The precision of the control temperature and test temperature were ±0.001 and ±0.0001 K, respectively. In the calculation of standard molar reaction enthalpy of the coordination reaction, it was inevitable for small amount of HCl volatilization, but it had little effect on the experiment by calorimetry, which could be neglected.

Conclusions

The standard molar enthalpy of formation of the ternary complex of neodymium with vitamin B3 and 8-hydroxylquinoline was determined by microcalorimetry. The composition of the complex was [Nd(C₆H₄NO₂)₂·C₉H₆NO·2H₂O] and its purity was more than 99.0 %, which were proved by elemental analysis, UV spectra, and IR spectra. Furthermore, according to Hess’s law, a thermochemical cycle was designed. The dissolution enthalpies of [NdCl₃·6H₂O(s)], [2C₆H₅NO₂(s)], [C₉H₇NO(s)], [Nd(C₆H₄NO₂)₂·C₉H₆NO·2H₂O(s)], were derived by a solution–reaction isoperibol microcalorimeter.

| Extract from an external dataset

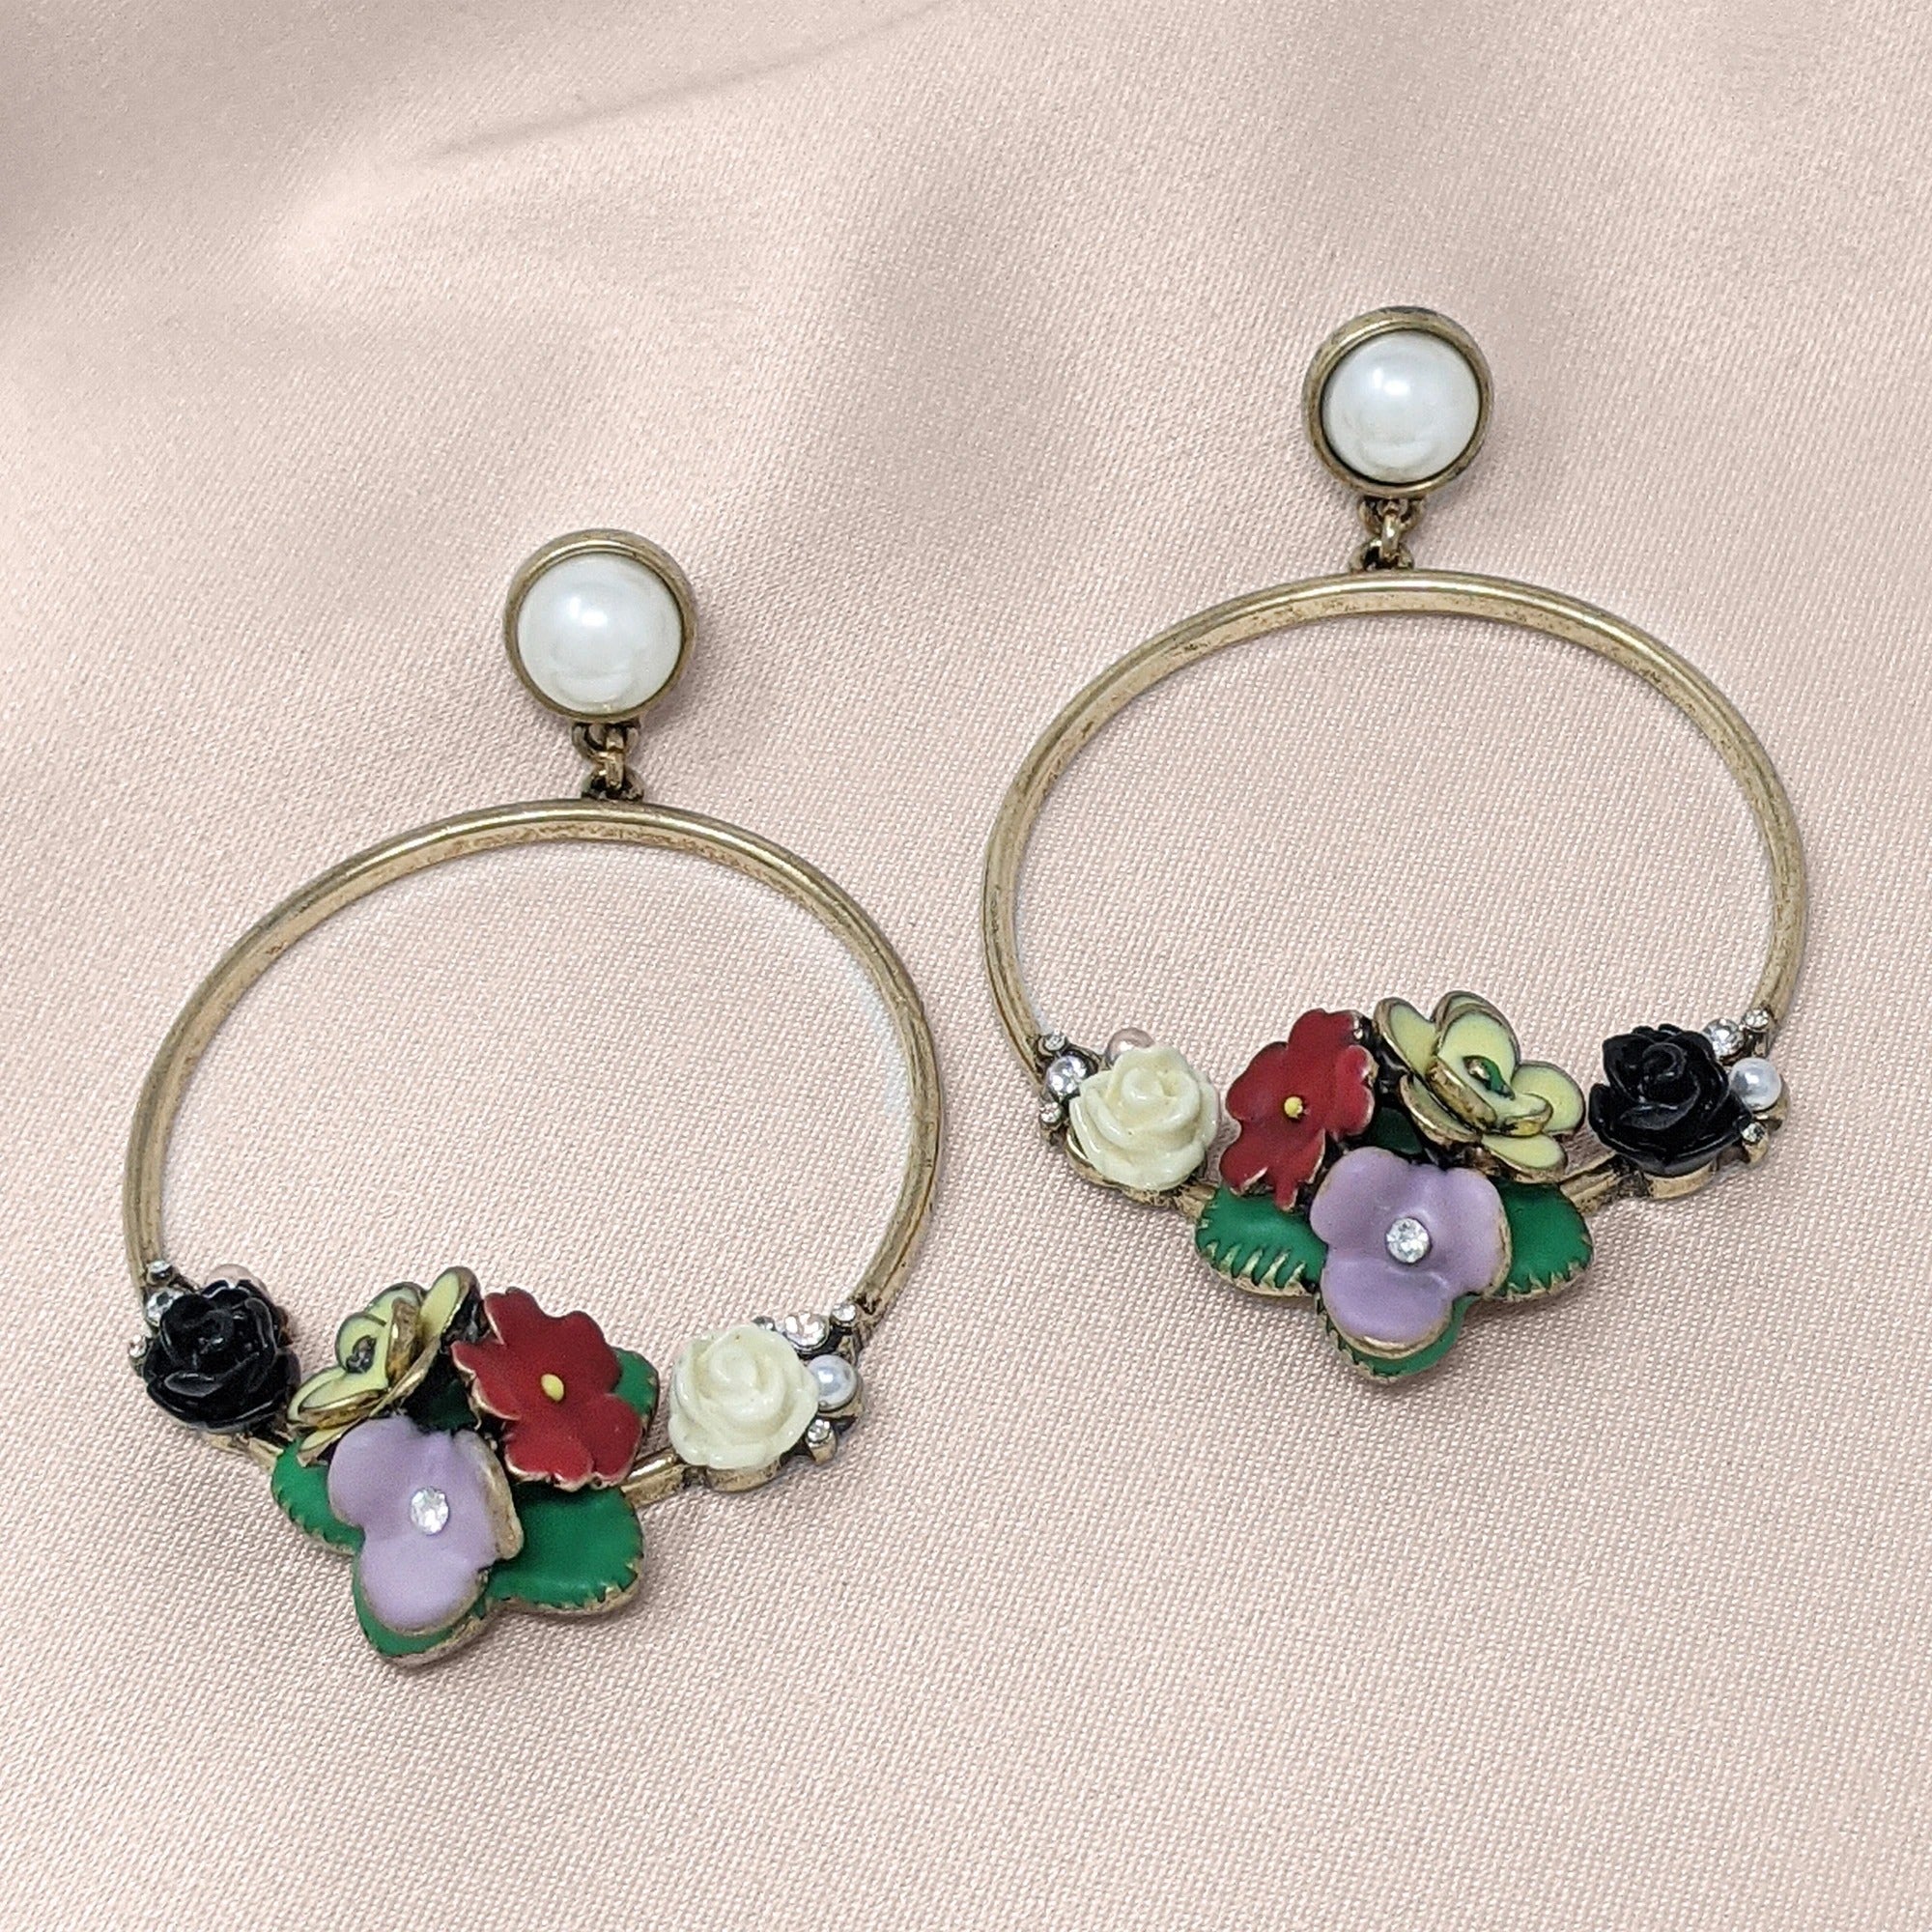 Lovett Earrings - Frida Flower Hoop

The results showed that \(\Updelta_{\text{s}} H_{\text{m}}^{\Uptheta }\)[NdCl₃·6H₂O(s), 298.15 K] = −(34.429 ± 0.278) kJ mol⁻¹, \( \Updelta_{\text{s}} H_{\text{m}}^{\Uptheta } \)[2C₆H₅NO₂(s), 298.15 K] = (35.600 ± 0.403) kJ mol⁻¹, \( \Updelta_{\text{s}} H_{\text{m}}^{\Uptheta} \)[C₉H₇NO(s), 298.15 K] = −(3.635 ± 0.277) kJ mol⁻¹, and \( \Updelta_{\text{s}} H_{\text{m}}^{\Uptheta}\)[Nd(C₆H₄NO₂)₂·C₉H₆NO·2H₂O(s), 298.15 K] = −(49.517 ± 0.541) kJ mol⁻¹. The standard molar enthalpy change of the reaction was determined based on the experimental data to be \( \Updelta_{\text{r}} H_{\text{m}}^{\Uptheta } \)(1) = (97.62 ± 0.83) kJ mol⁻¹, and the standard molar enthalpy of formation of the synthetic coordination compound was calculated to be \( \Updelta_{\text{f}} H_{\text{m}}^{\Uptheta } \)[[Nd(C₆H₄NO₂)₂·C₉H₆NO·2H₂O](s), 298.15 K] = −(2,129.1 ± 2.5) kJ mol⁻¹. Meanwhile, in this study, we gave structural schematic diagram of the complex [Nd(C₆H₄NO₂)₂·C₉H₆NO·2H₂O], which could help us to understand the coordination process of the complex.